The most comprehensive, publicly accessible summary of human genetic association research is the GWAS Catalog (www.ebi.ac.uk/gwas) produced by the US National Human Genome Research Institute in partnership with the European Bioinformatics Institute. Every week, the curators of the catalogue receive automatic alerts of any new English-language GWAS reported in PubMed. These studies are then put through two rounds of data extraction and validation before being added to the catalogue. Among the data extracted from each study are the race, ethnicity or ancestry (as described by the authors of the study) of the subjects whose samples were analysed.
DATA GATHERING
To determine ancestry, we analysed the sample descriptions included in the GWAS Catalog with an approach similar to that used in 2009 (see Supplementary Information; go.nature.com/2dv2faf).
As of August, 2,511 studies involving nearly 35 million samples were included in the GWAS Catalog. This is a more than 2,000% increase in sample number from the 2009 analysis (which looked at roughly 1.7 million samples across 373 independent studies1.)
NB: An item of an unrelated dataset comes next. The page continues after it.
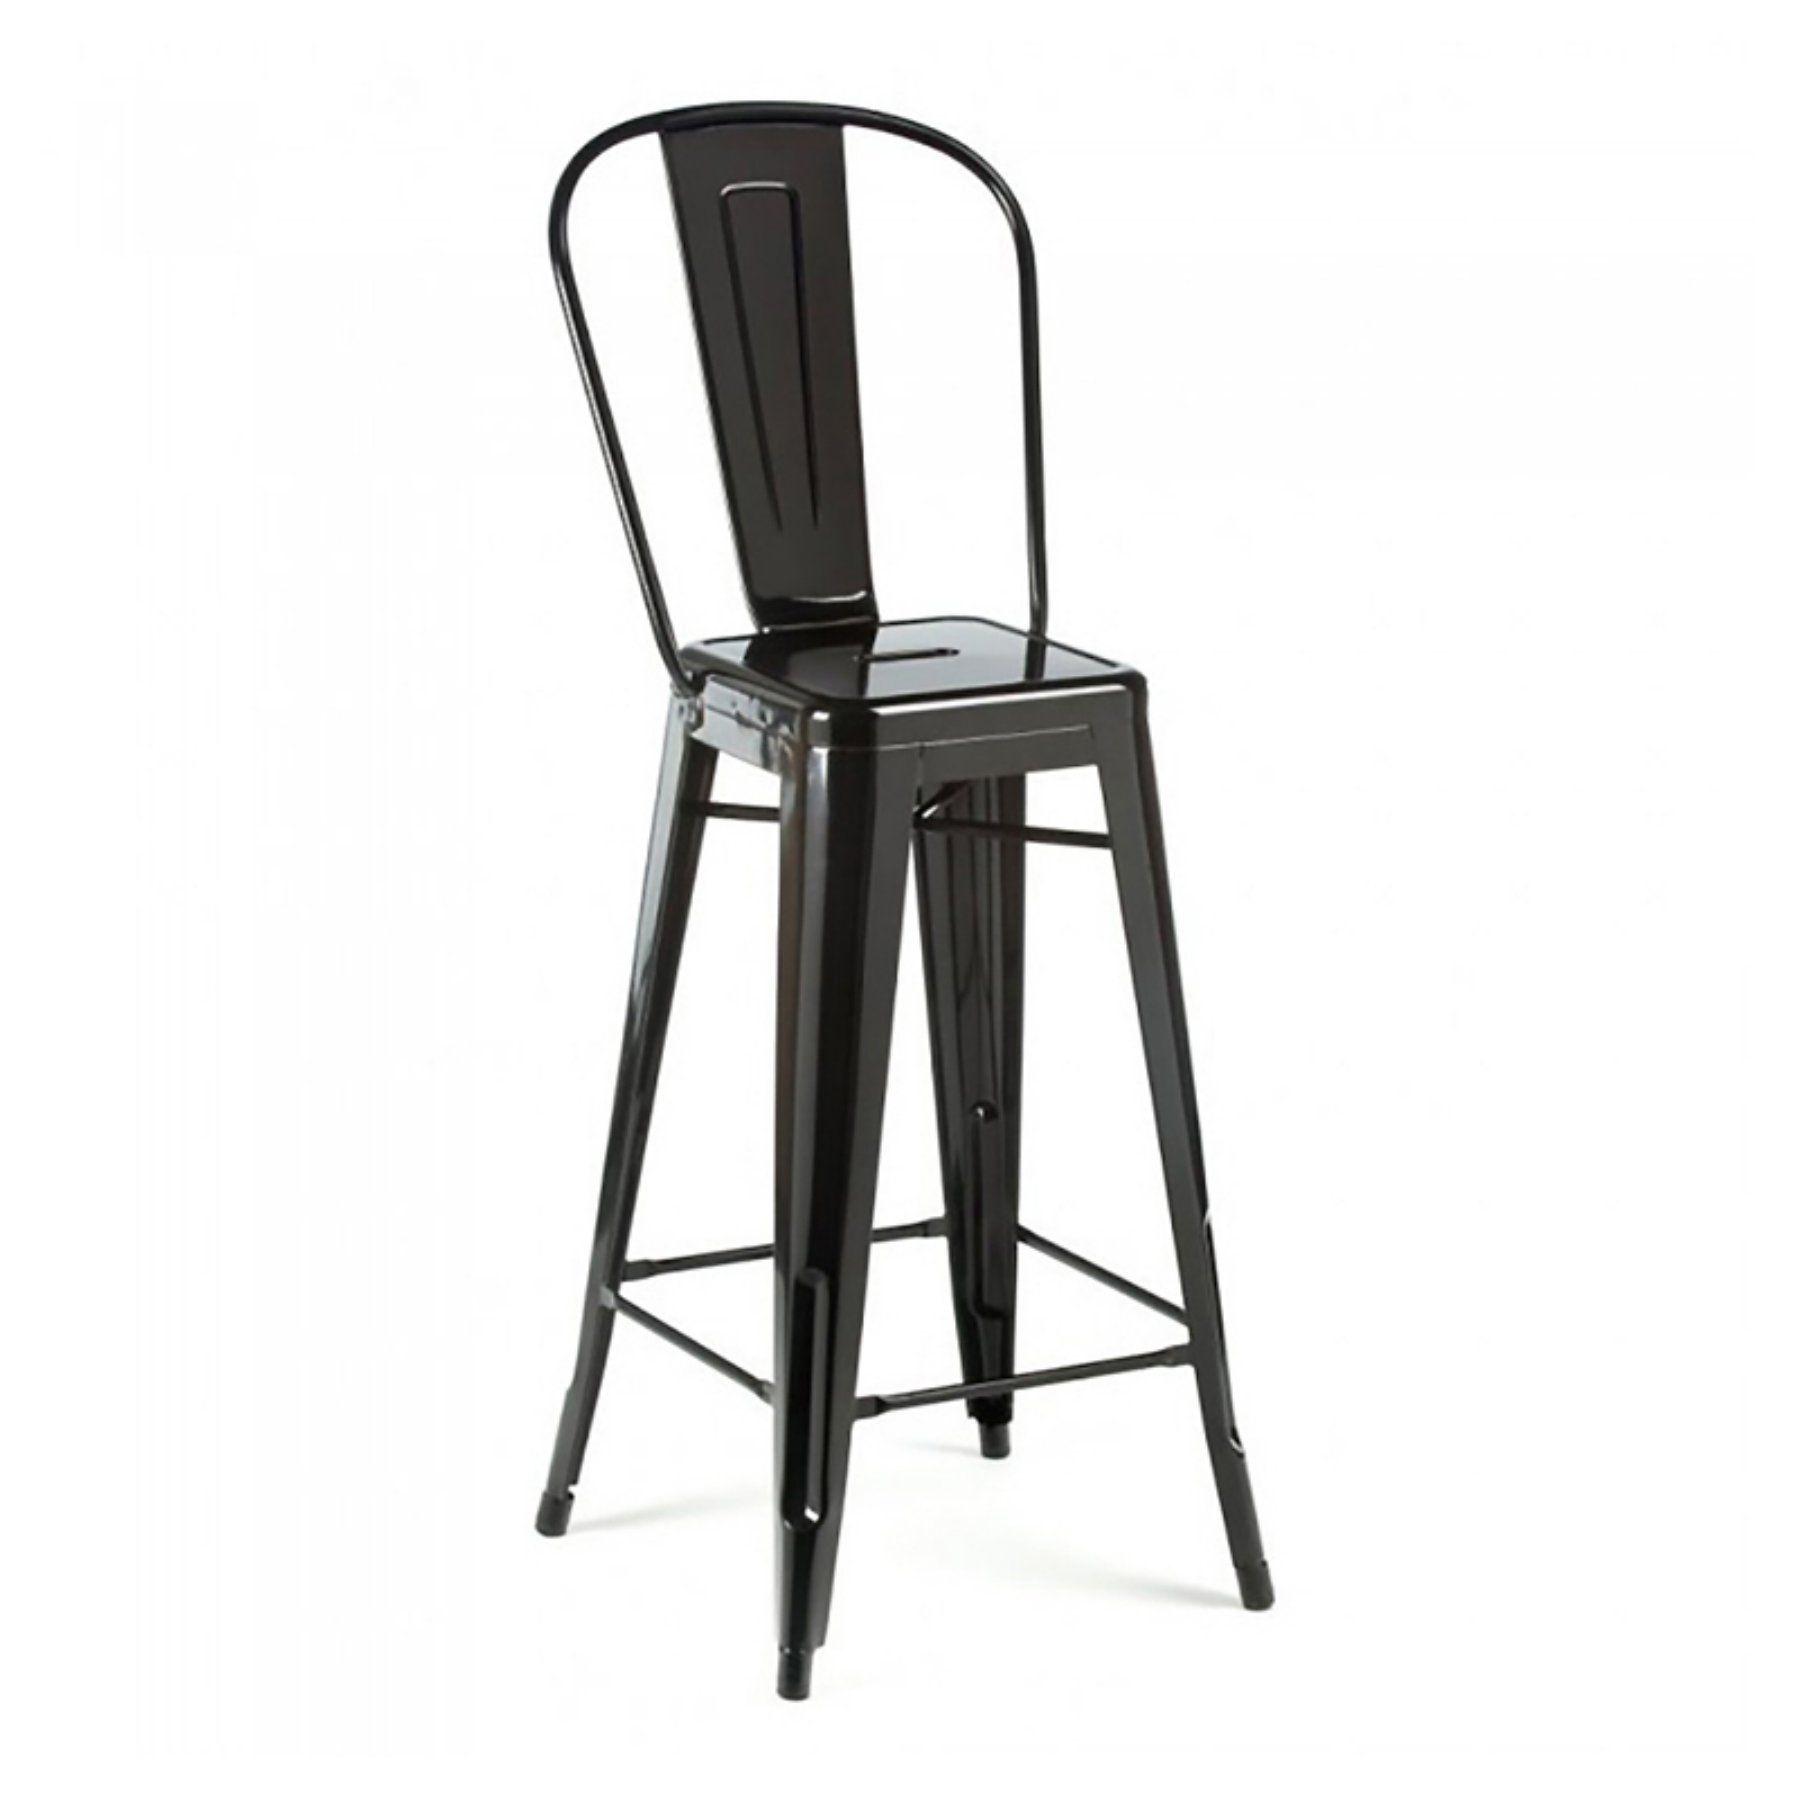 Pleasing Design Lab Mn Dreux High Back Barstool Set Of 4 Ls 9100 Andrewgaddart Wooden Chair Designs For Living Room Andrewgaddartcom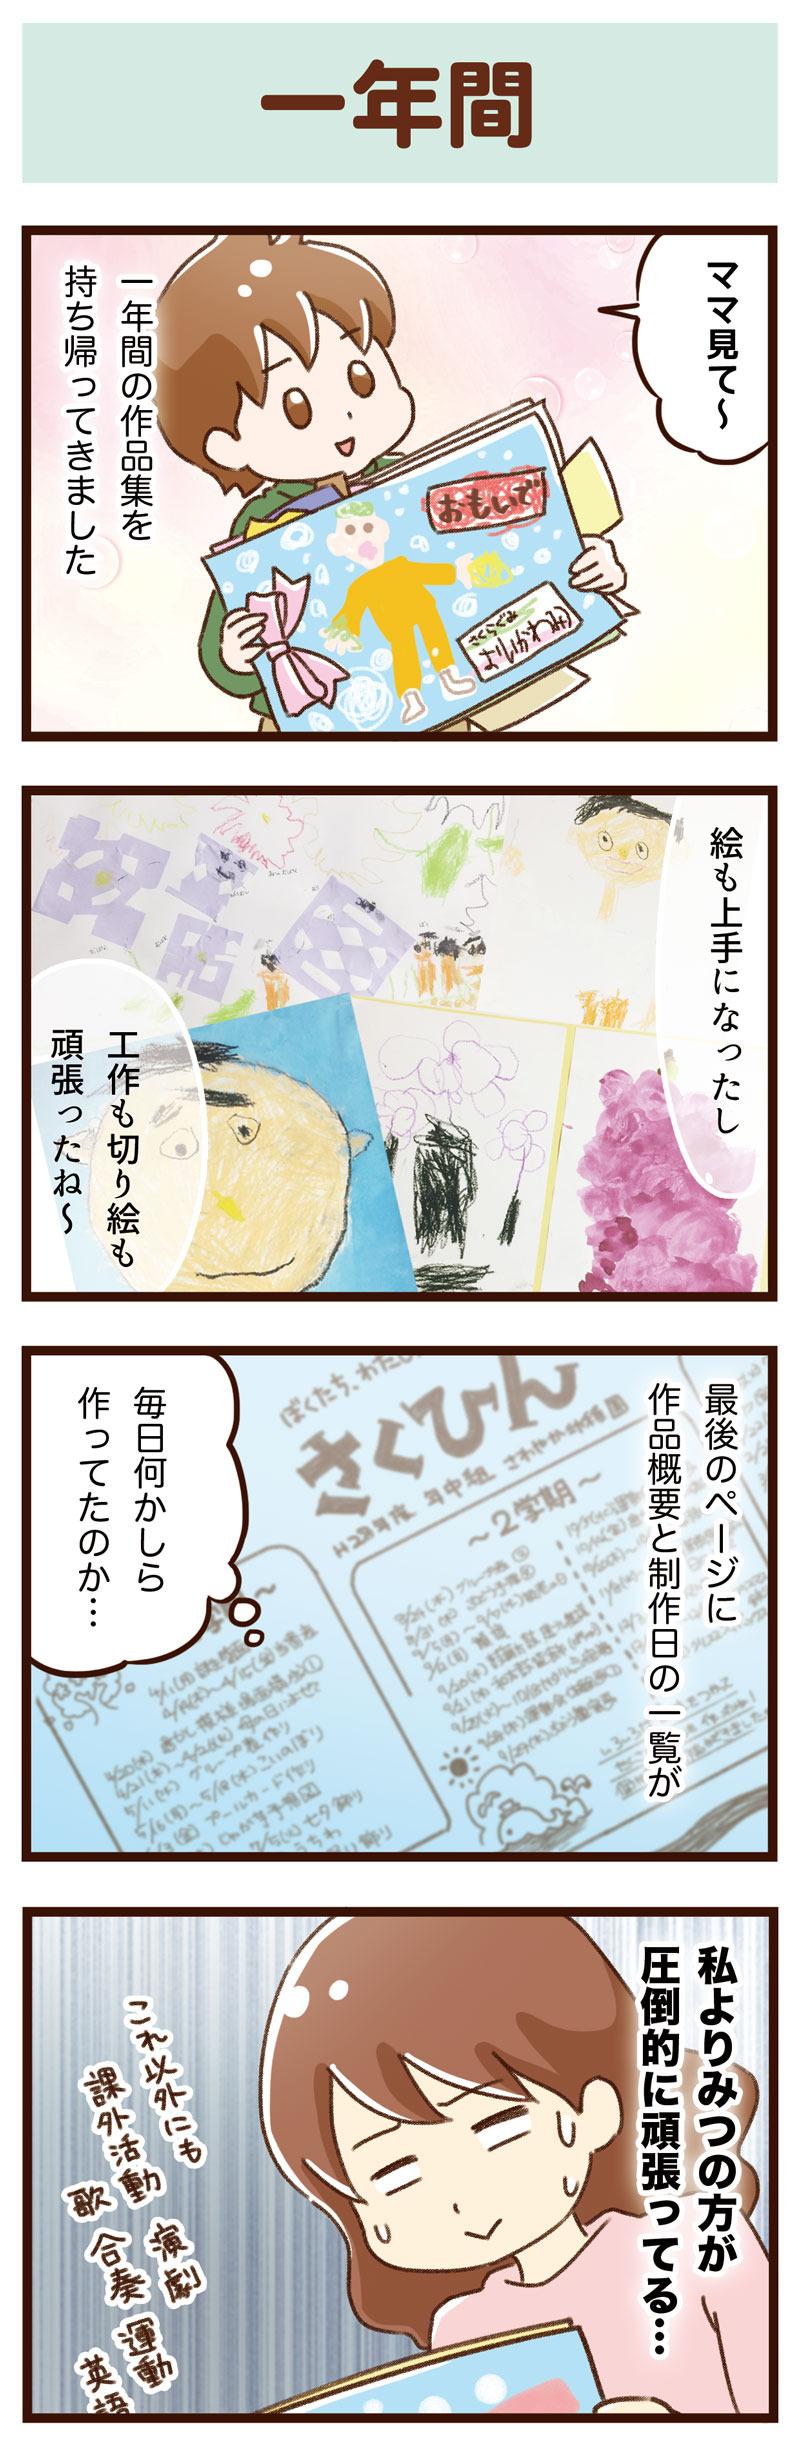 yumui270-1

We found considerable heterogeneity in descriptions. For example, 26 terms, including ‘black cases’ and ‘sub-Saharan African’, were used to describe people of African ancestry. The most geographically specific and informative descriptions were those used for samples of European origin, as previous studies have shown3.
During the past seven years, the proportion of samples used in catalogued GWAS from participants who are not of European descent has increased fivefold (see ‘Persistent bias’). Yet nearly 78% of this growth is due to an increase in the number of samples from Japan, China, Korea, India and other populations from east Asia, south Asia and southeast Asia.
Together, individuals of African and Latin American ancestry, Hispanic people (individuals descended from Spanish-speaking cultures in central or South America living in the United States) and native or indigenous peoples represent less than 4% of all samples analysed. Collectively, these are the most vulnerable and traditionally underserved populations in many of the world’s richest nations.
The proportion of samples from individuals of African ancestry has increased by 2.5%, and the proportion of people of Hispanic or of Latin American ancestry by around 0.5%. In the case of indigenous peoples (including Native Americans, Australian Aboriginals and Pacific Islanders), representation has decreased slightly since 2009.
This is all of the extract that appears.